I’ve been considering buying the package that includes both DEVONthink pro and DEVONagent. The price difference isn’t that great, and so far DEVONagent has appeared to be quite capable.

However, still a bit in doubt, I decided to run a test case. To my surprise, a result that appeared at the top of the page in google did not appear in DEVONagent at all. I used the fast search.

Now here’s the thing. Even though I have no doubt that the top result might not have been great content-wise, it did cover the topic perfectly, and the title was exactly the search string!

If anyone wants to replicate this. I searched for ‘Stilte in Taize’, which happens to be a post on my personal weblog. I hope nobody considers this blog spamming; it’s dutch, so it won’t be of interest to most of you.

This ‘problem’ really bothers me, in particular because I don’t understand what goes wrong. Again, I by no means consider the information great, but it’s just odd that a top google result wouldn’t show up in DEVONagent at all…
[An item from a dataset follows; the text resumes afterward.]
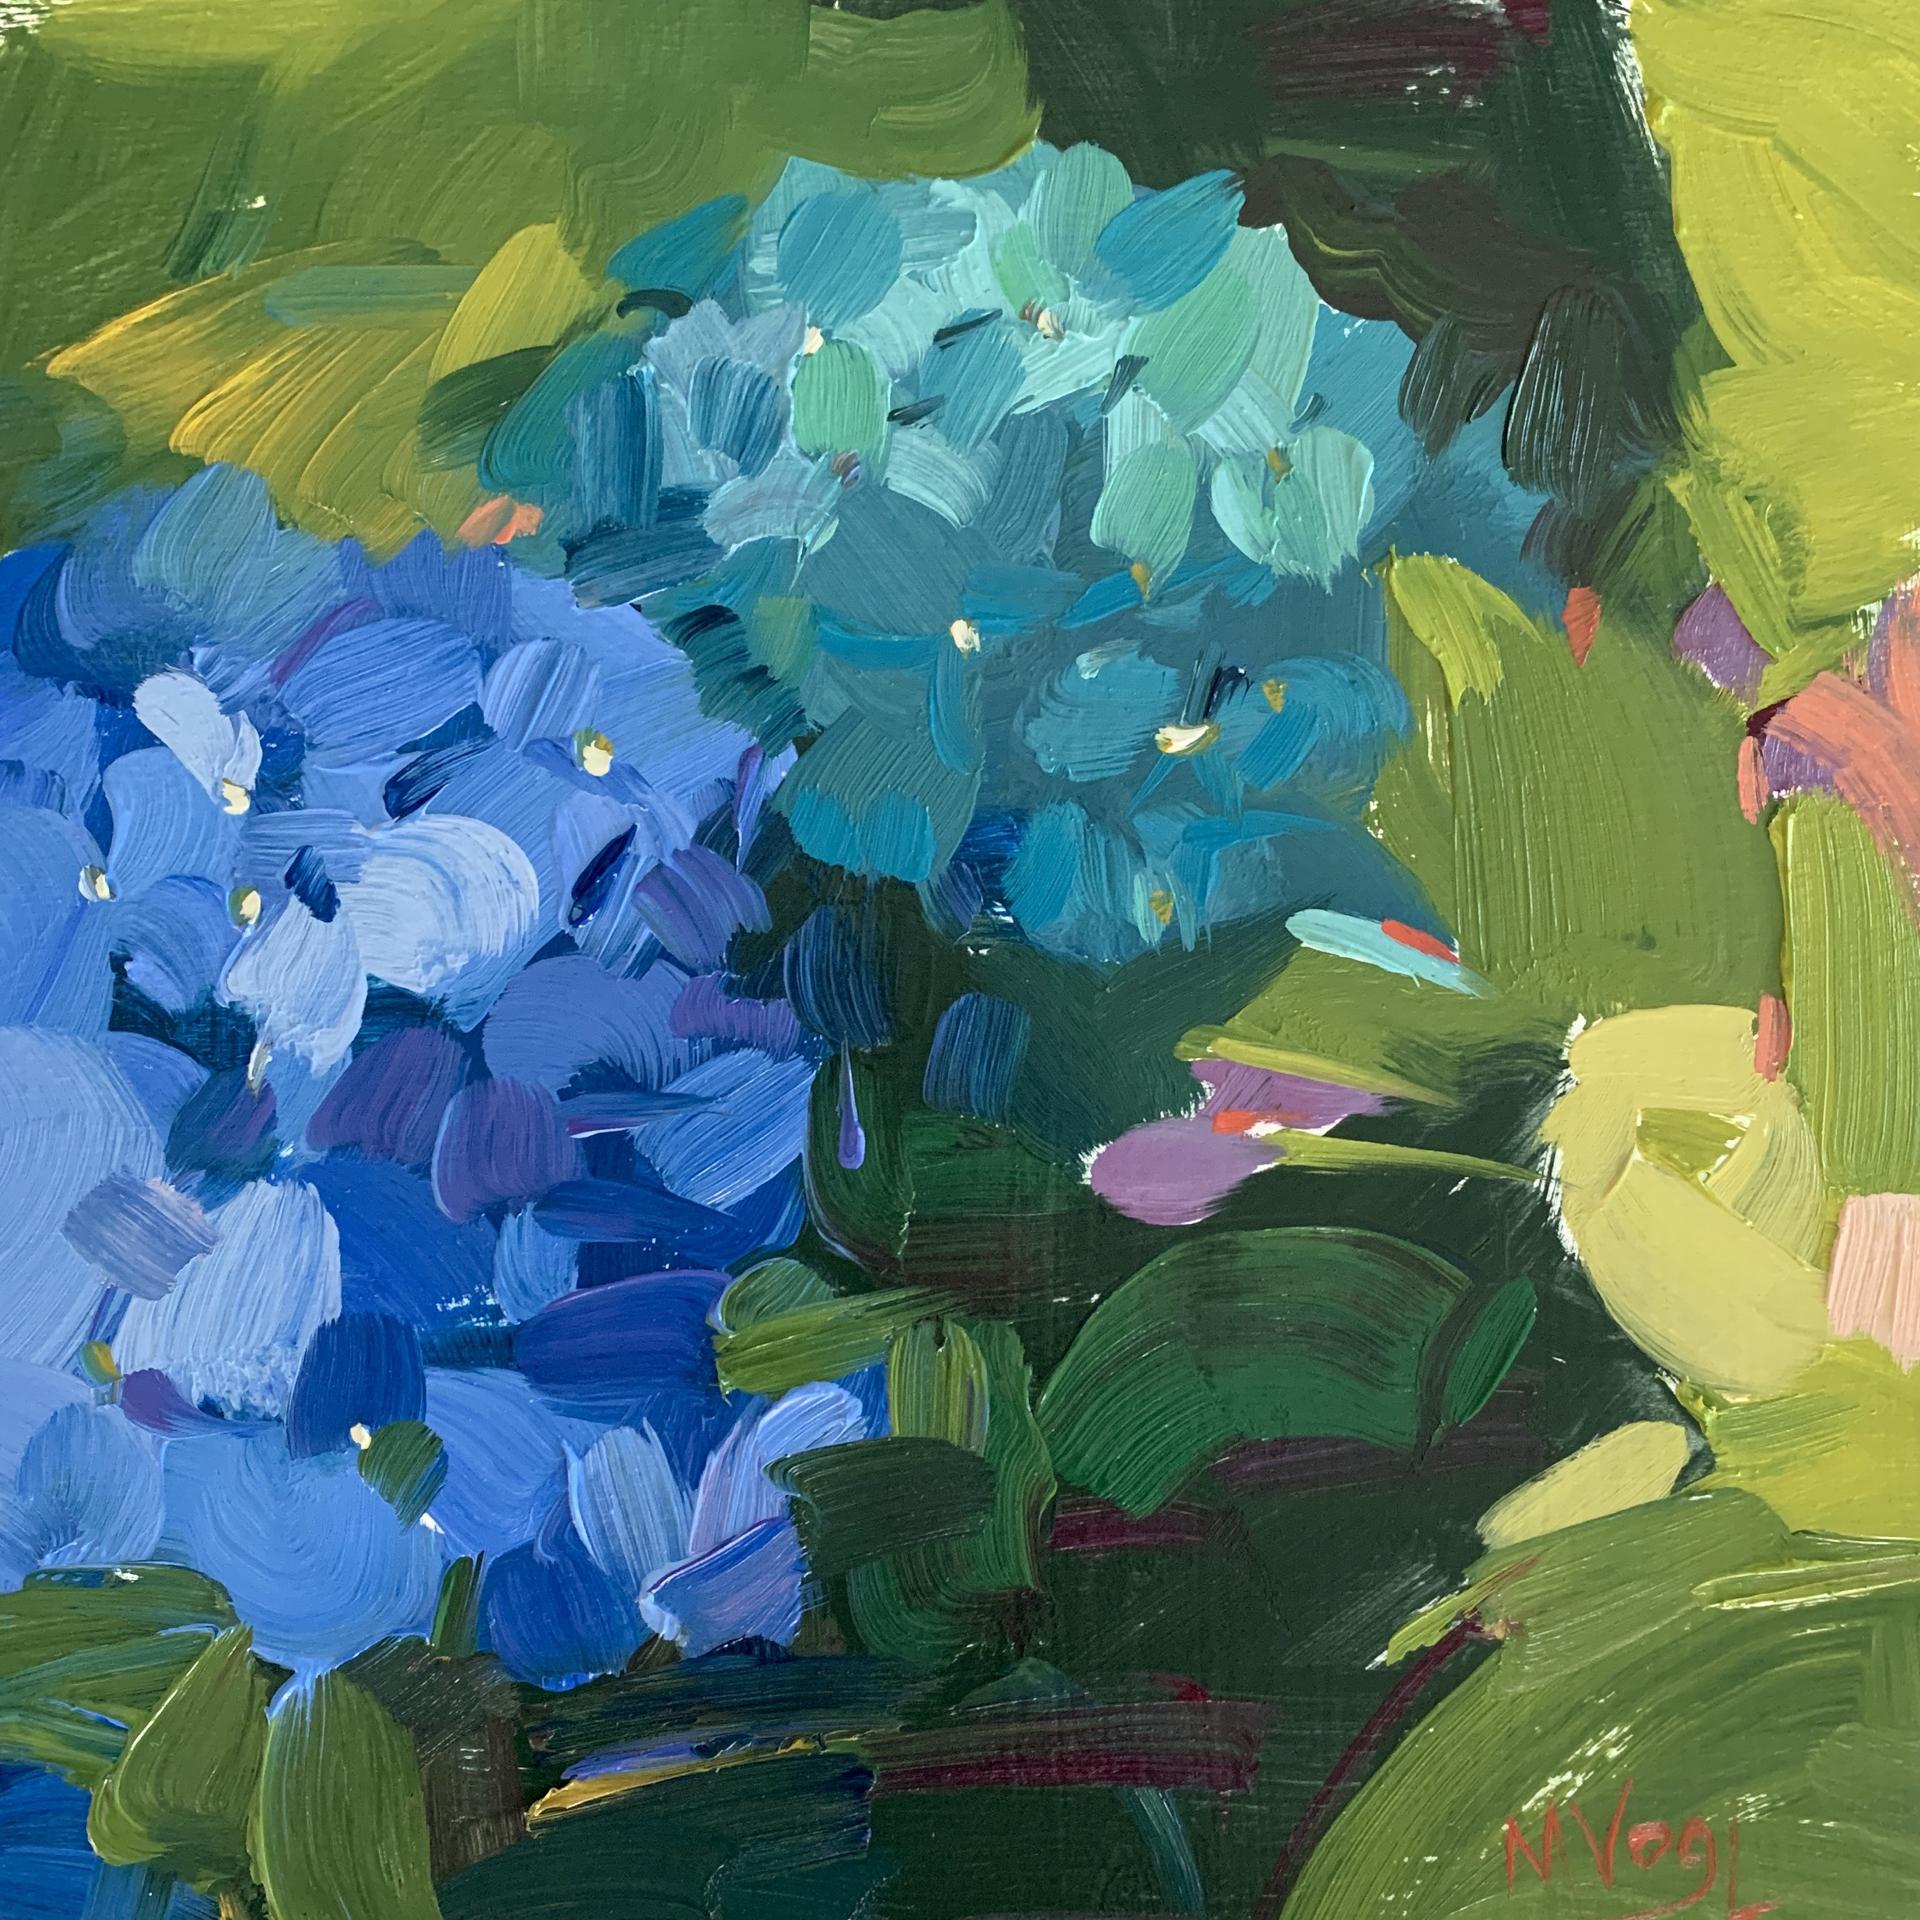 Hydrangea I by Marissa Vogl

If someone could clear this up, I could go and buy the two programs :wink:

What’s the URL of the blog/the page you’re referring too? Did you search for ‘Stilte in Taize’ with quotes (looking for phrase) or without (looking for all words)?

In addition, if you’re using the “Internet (Fast Scan)” default set, then you might disable the filter for similar pages.

The address is munandu.com.

I tried most combinations of search parameters, both with parenthese and the ‘and’ operator. I also looked in the log.

Even searching for the term ‘munandu’ gives no results. Furthermore, searching for specific terms in a post does bring the correct url up in the log, but lists it as ‘no match’.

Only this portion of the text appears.